OSB'de belirlenen bu destek düzeyleri, bireyin ihtiyaç duyduğu müdahalenin yoğunluğunu ve türünü belirlemek için hayati bir çerçeve sunar. Bu sınıflandırma, sadece bir tanısal etiket olmaktan öte, bireye özel bir yol haritası çizmeye olanak tanır. Her düzey, bireyin sosyal iletişim, davranışsal esneklik ve günlük yaşam becerilerindeki zorluklarının derecesini yansıtır. Bu, destek ve eğitim programlarının bireyin özgün gereksinimlerine göre uyarlanmasını sağlar.

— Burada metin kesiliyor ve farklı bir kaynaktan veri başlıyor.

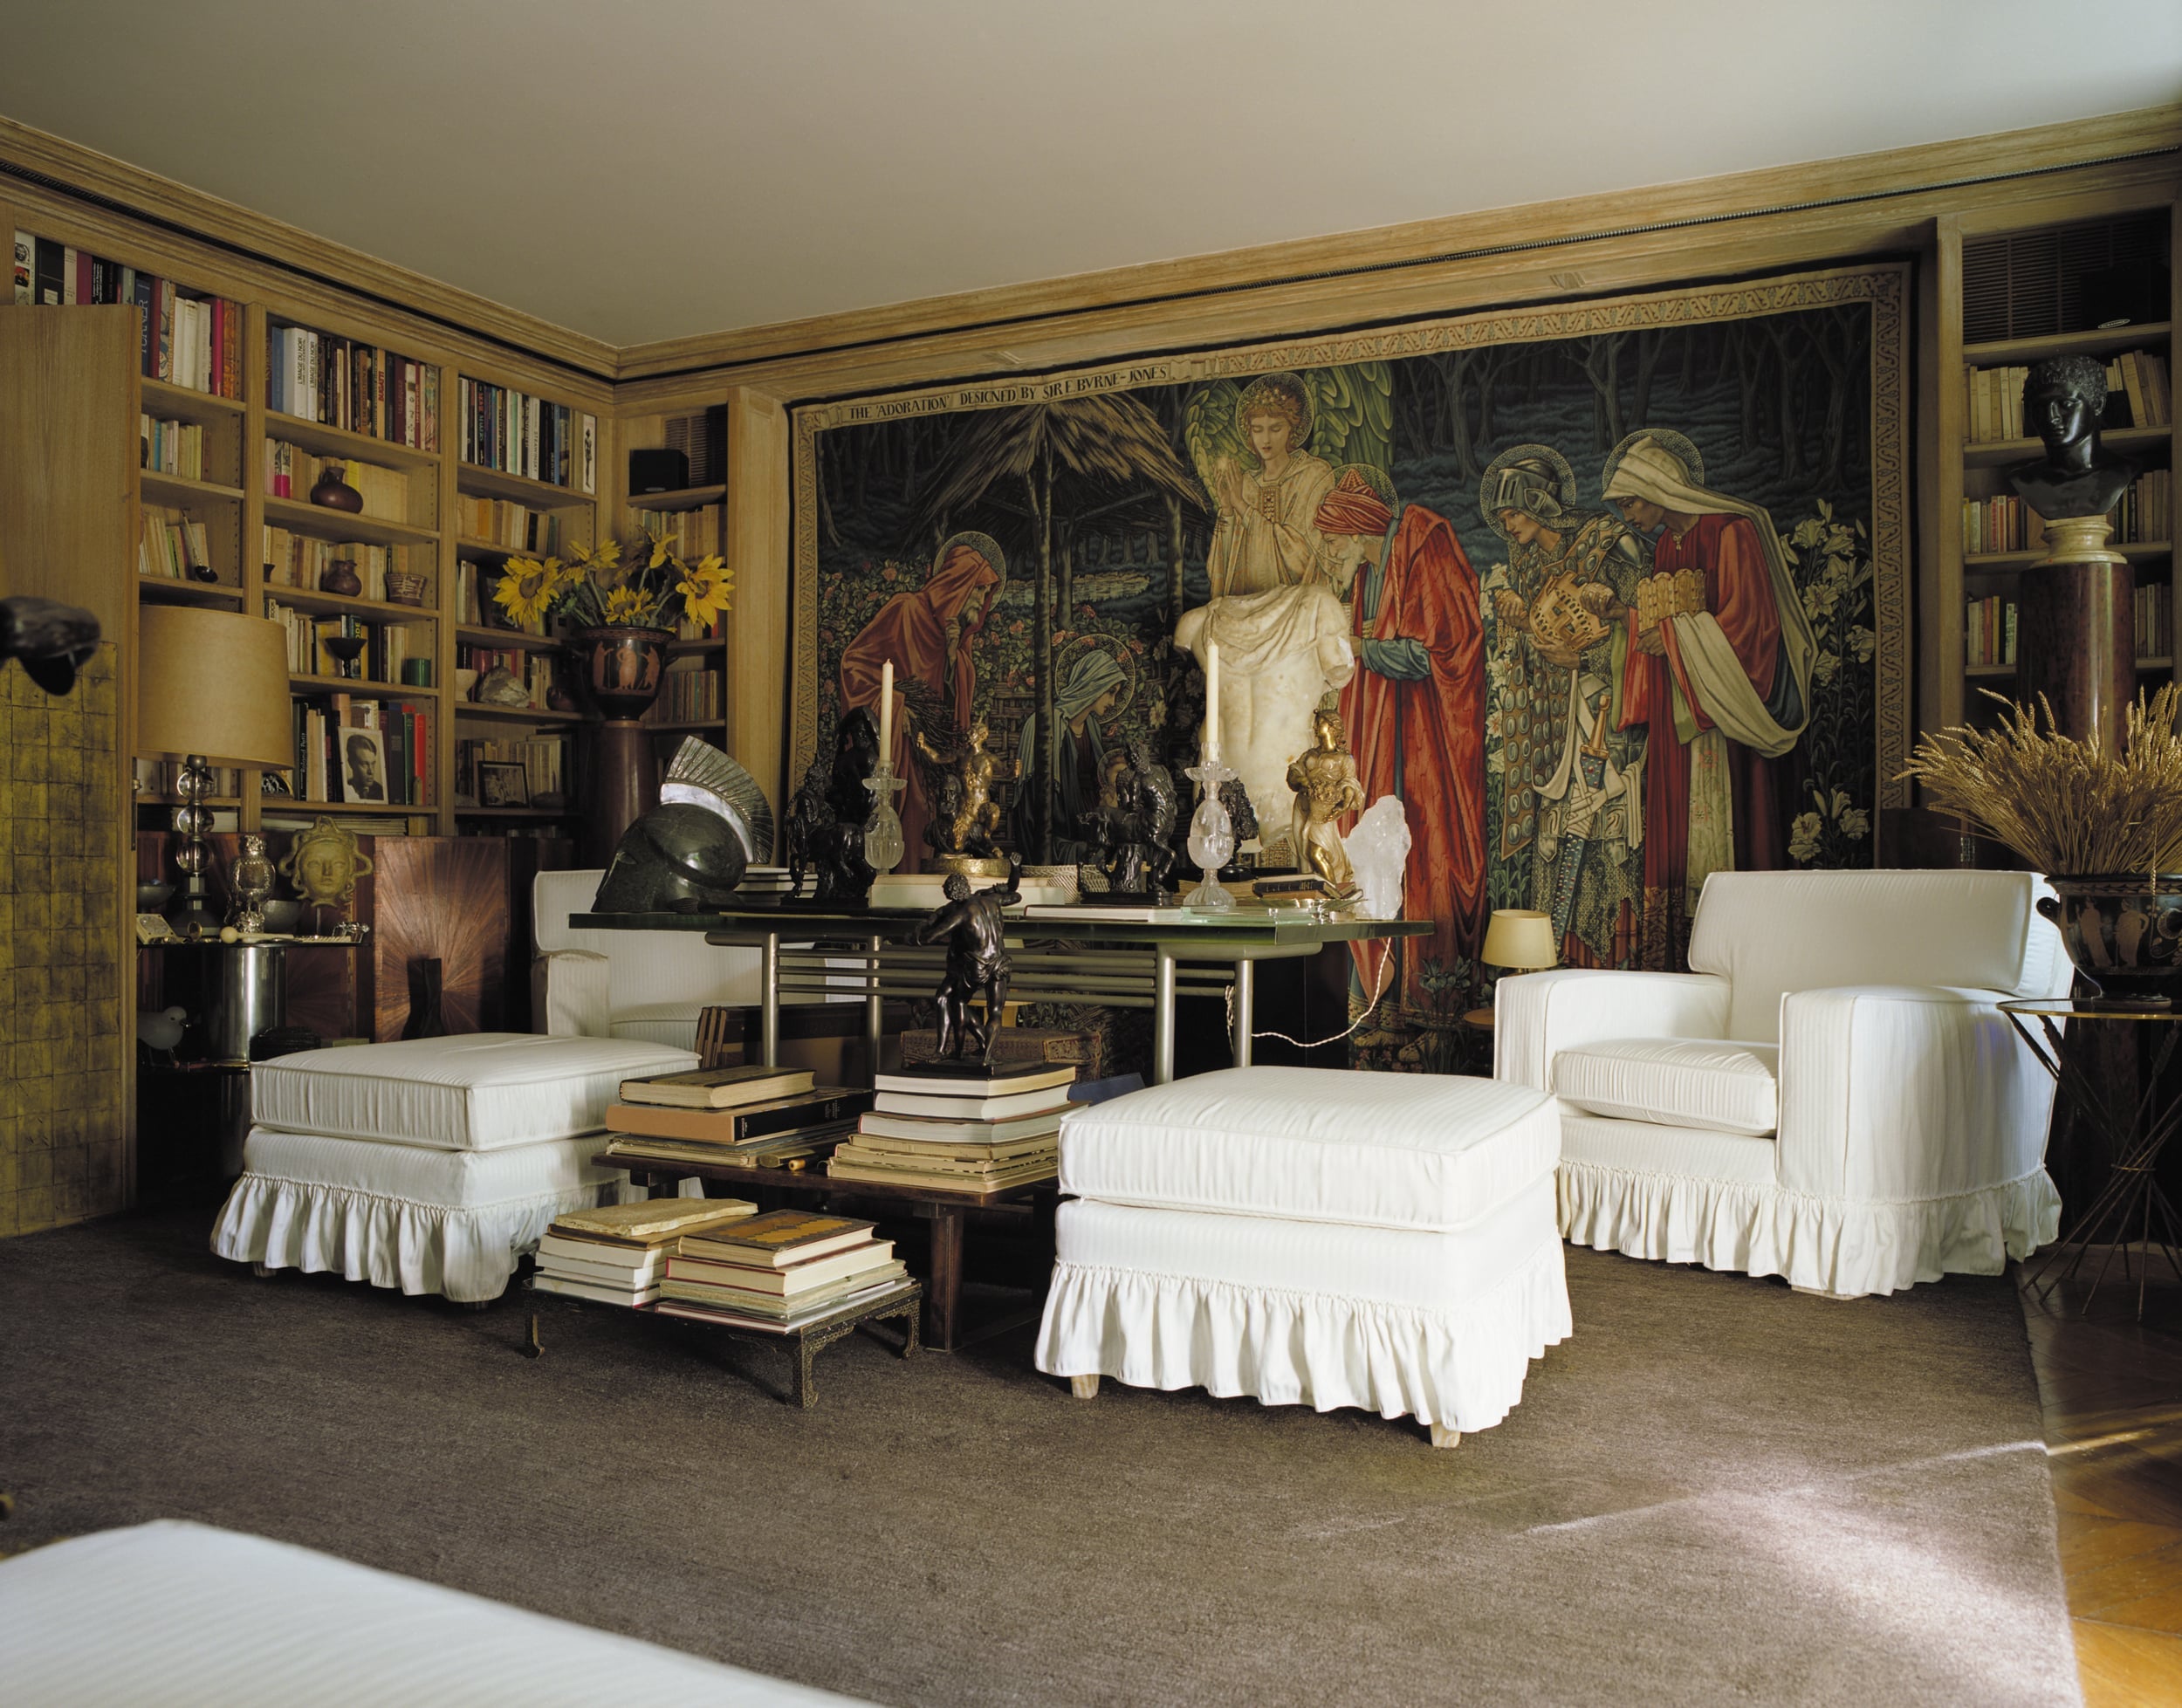 Quiet Luxury May Be Trending, but These Famous Interiors Prove That Quality and Quirk Endure

Örneğin, Düzey 1'deki bir birey için sosyal beceri eğitimleri ve esneklik üzerine odaklanan davranışsal müdahaleler yeterli olabilirken, Düzey 3'teki bir birey için yoğun, yapılandırılmış eğitim programları ve sürekli gözetim gerekebilir. Bu düzeylerin anlaşılması, ailelerin, eğitimcilerin ve sağlık profesyonellerinin OSB'li bireylere en uygun destek ortamını sağlamalarına yardımcı olur. Nihayetinde amaç, her bireyin potansiyelini en üst düzeye çıkararak, yaşam kalitelerini artırmak ve topluma katılımlarını desteklemektir.